# The inner structure of finite-dimensional $C^*$-algebras

This is just to complete the questions about the inner structure of finite-dimensional $$C^*$$-algebras. Please correct the statements and help me with the appropriate links if it is not very difficult. Maybe I am wrong somewhere.

Let $$H$$ be a Hilbert space with a finite or countable basis. Let $$\mathscr{A}$$ be a finite-dimensional unital $$C^*$$-algebra of operators acting on $$H$$. One of the diamonds, the Wedderburn theorem states that $$\mathscr{A}$$ is a direct sum of simple matrix algebras $$\mathscr{A}\cong\bigoplus_{n=1}^N\mathbb{C}^{m_n\times m_n}.$$ But we need a bit more, namely the characterization of its inner structure in terms of unitary transformations of Hilbert spaces. Let $$\mathcal{E}^n_{jj}$$ be the orthogonal projectors corresponding to the diagonal matrix units in $$\mathbb{C}^{m_n\times m_n}$$. I think that the following statements are true $$i)\ \ \ \ \ {\rm rank}(\mathcal{E}^n_{11})=...={\rm rank}(\mathcal{E}^n_{m_nm_n}),\ \ n=1,...,N;$$ $$ii)\ \ \ \ \ \sum_{n=1}^Nm_n{\rm rank}(\mathcal{E}^n_{11})=\dim H.$$ The ranks can be finite or infinite. Now, I think that the set of pairs of numbers $${\rm struc}(\mathscr{A})=\{(m_n,{\rm rank}(\mathcal{E}^n_{11}))\}_{n=1}^N$$ is the complete characteristic of the inner structure of $$\mathscr{A}$$. Namely, a unital $$C^*$$-alebra $$\mathscr{A}_1$$ of operators acting on a Hilbert space $$H_1$$ has the same $${\rm struc}(\mathscr{A})={\rm struc}(\mathscr{A}_1)$$ if and only if there is a unitary $$\mathcal{U}:H\to H_1$$ such that $$\mathscr{A}_1=\mathcal{U}\mathscr{A}\mathcal{U}^{-1}$$. Moreover, for any finite set of pairs $$s\subset{\mathbb{N}}\times\overline{\mathbb{N}}$$ there is a finite-dimensional unital $$C^*$$-algebra $$\mathscr{A}$$ of operators acting on some Hilbert space such that $${\rm struc}(\mathscr{A})=s$$.

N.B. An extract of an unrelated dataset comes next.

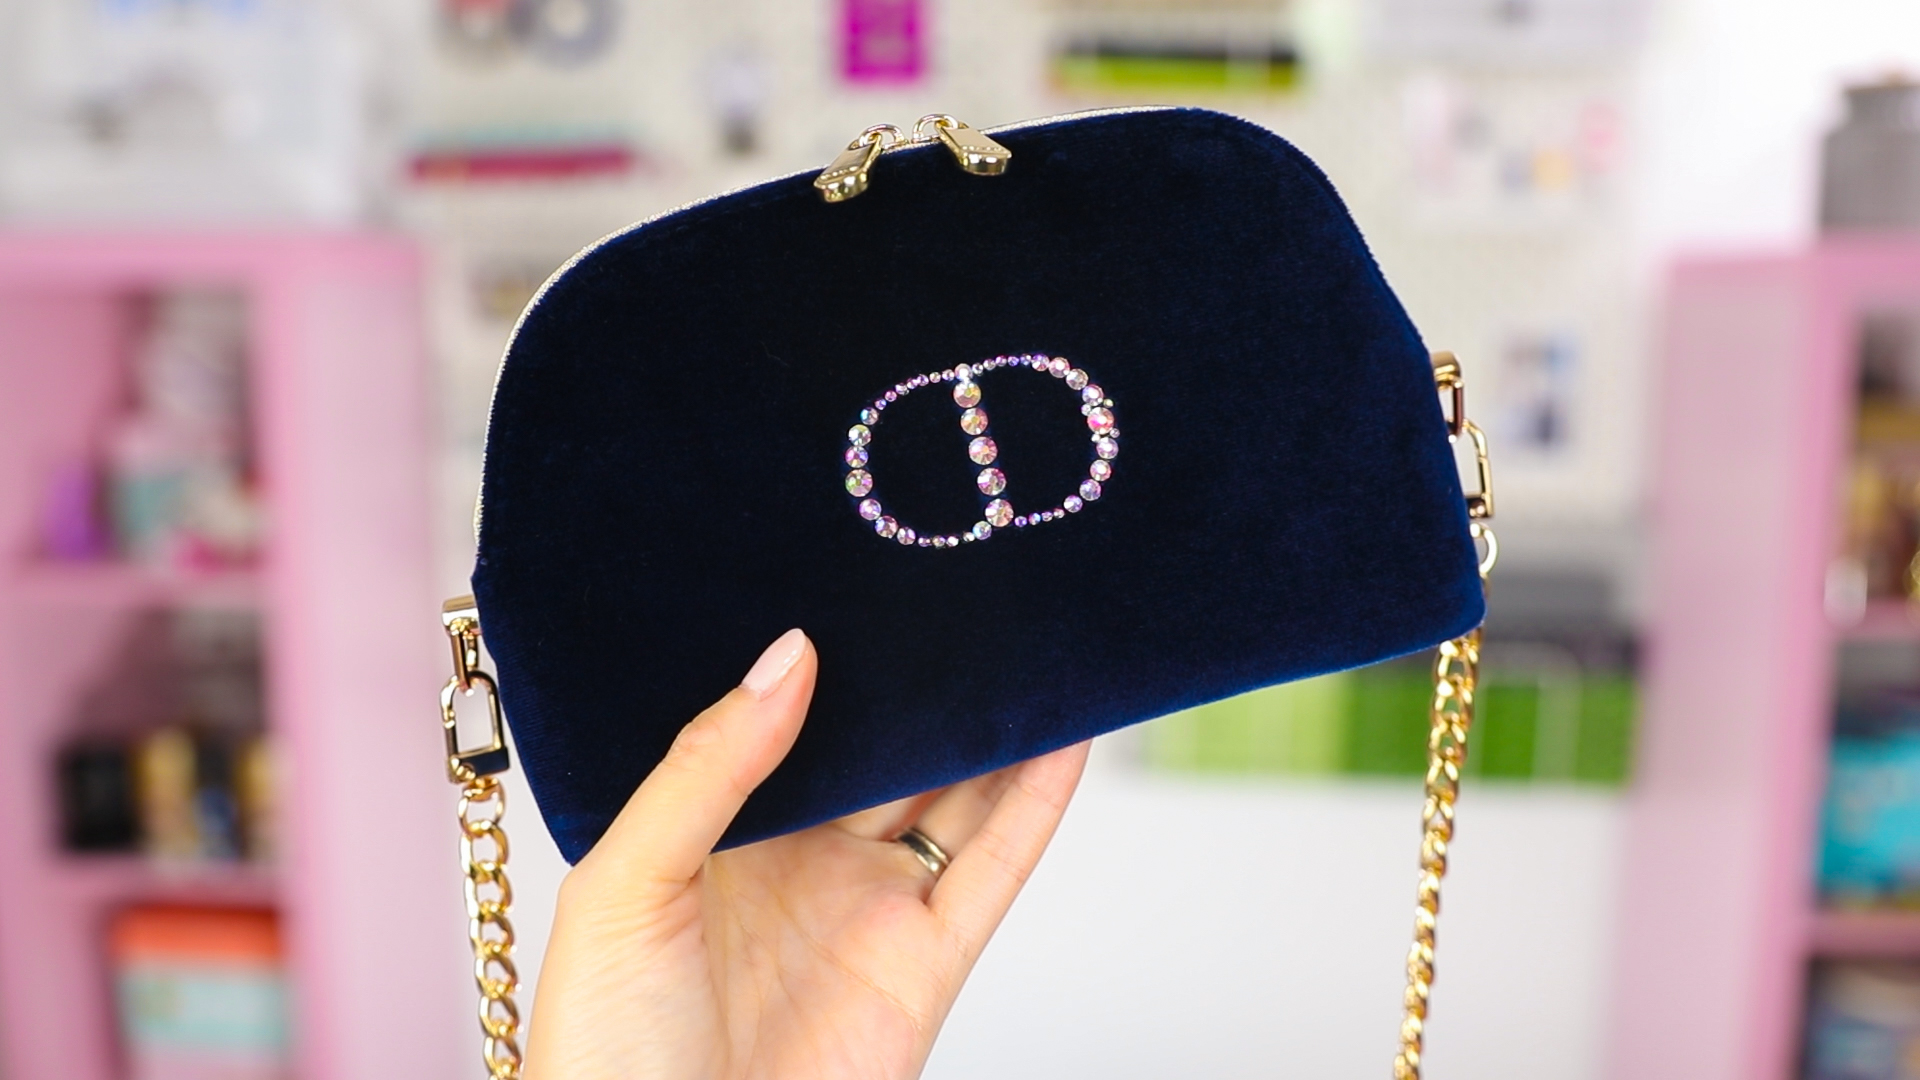 DIY Dior Nano Pouch // Dior Bags Under $1,000 - Turn Your Wallet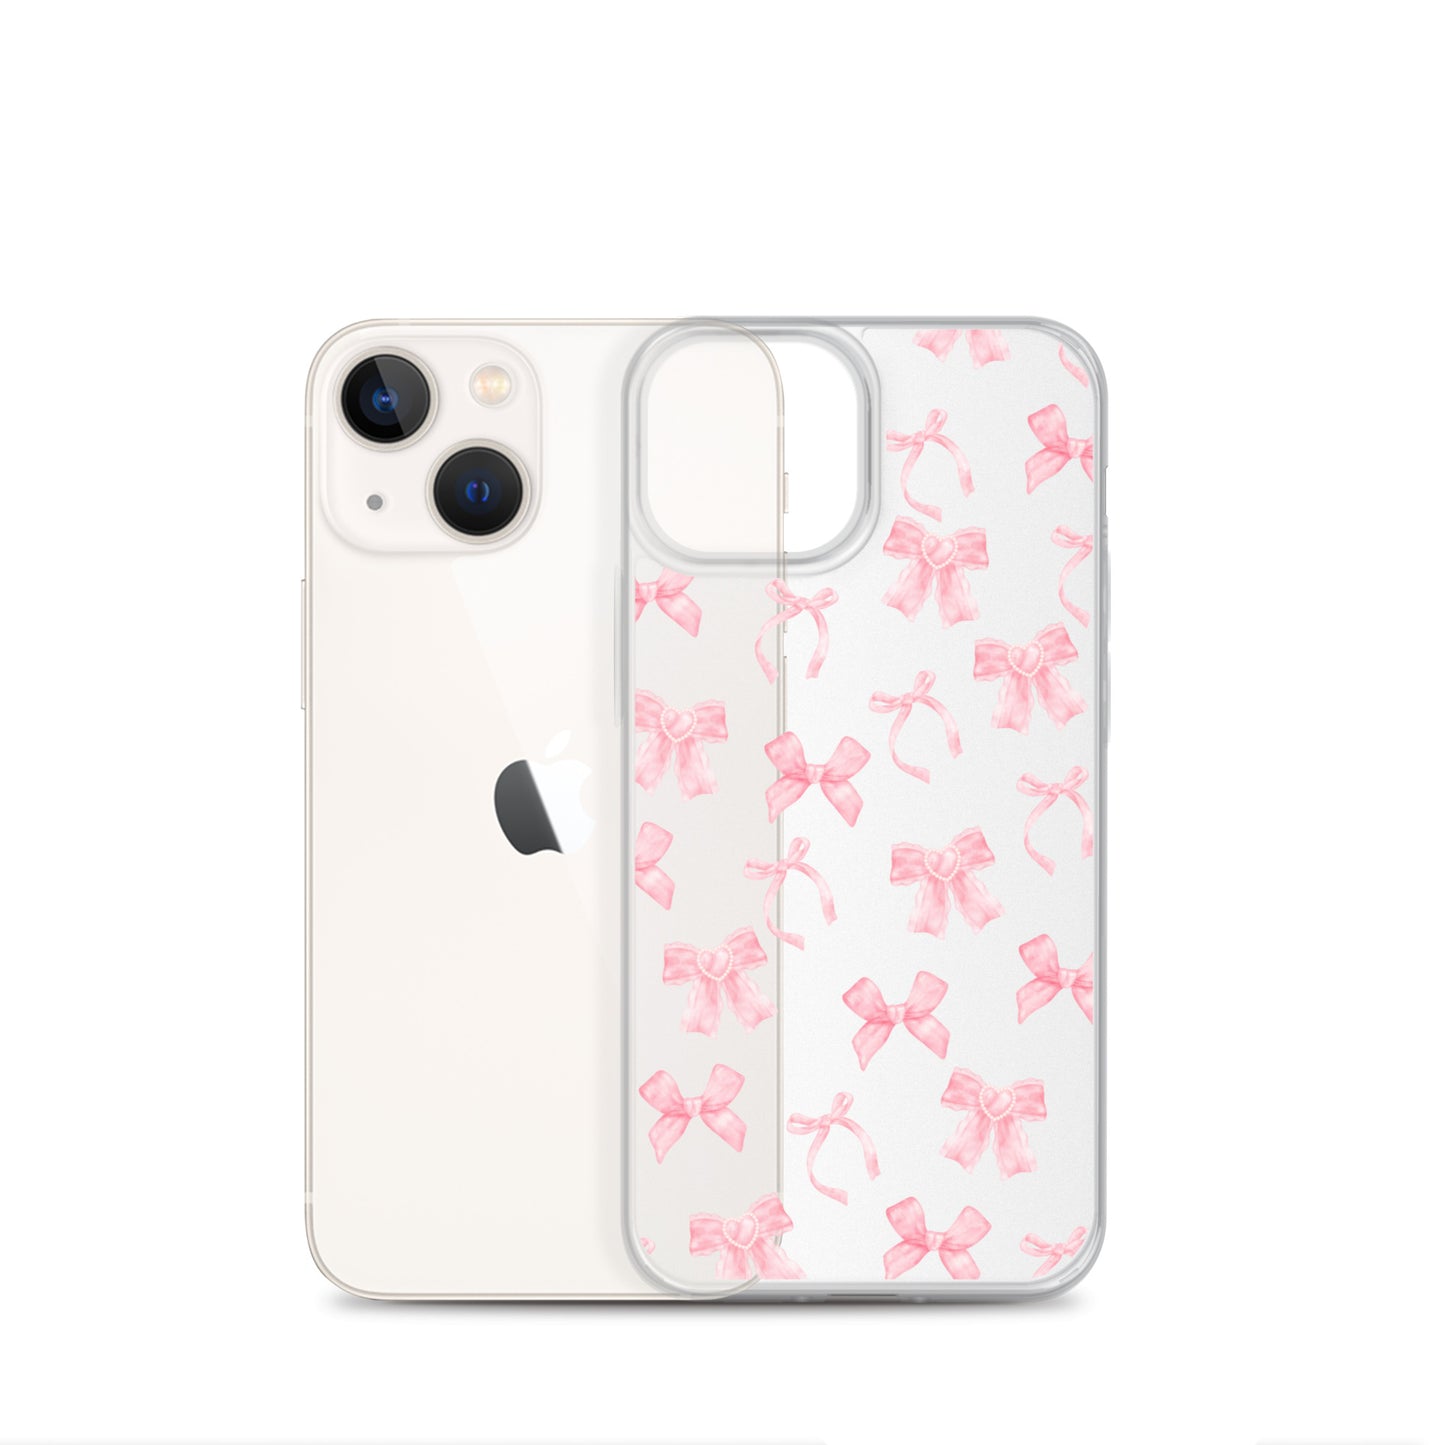 Coquette Bows Clear iPhone Case

I think the idea of the Proof of this statement is the same as in the comment Two isomorphic finite-dimensional $C^*$-algebras with infinite eigenspaces or can be extracted from the Proof of Wedderburn theorem directly. I am sorry for the multiple more or less basic questions about the structure of $$C^*$$-algebras, but I know the people for whom this information can be useful.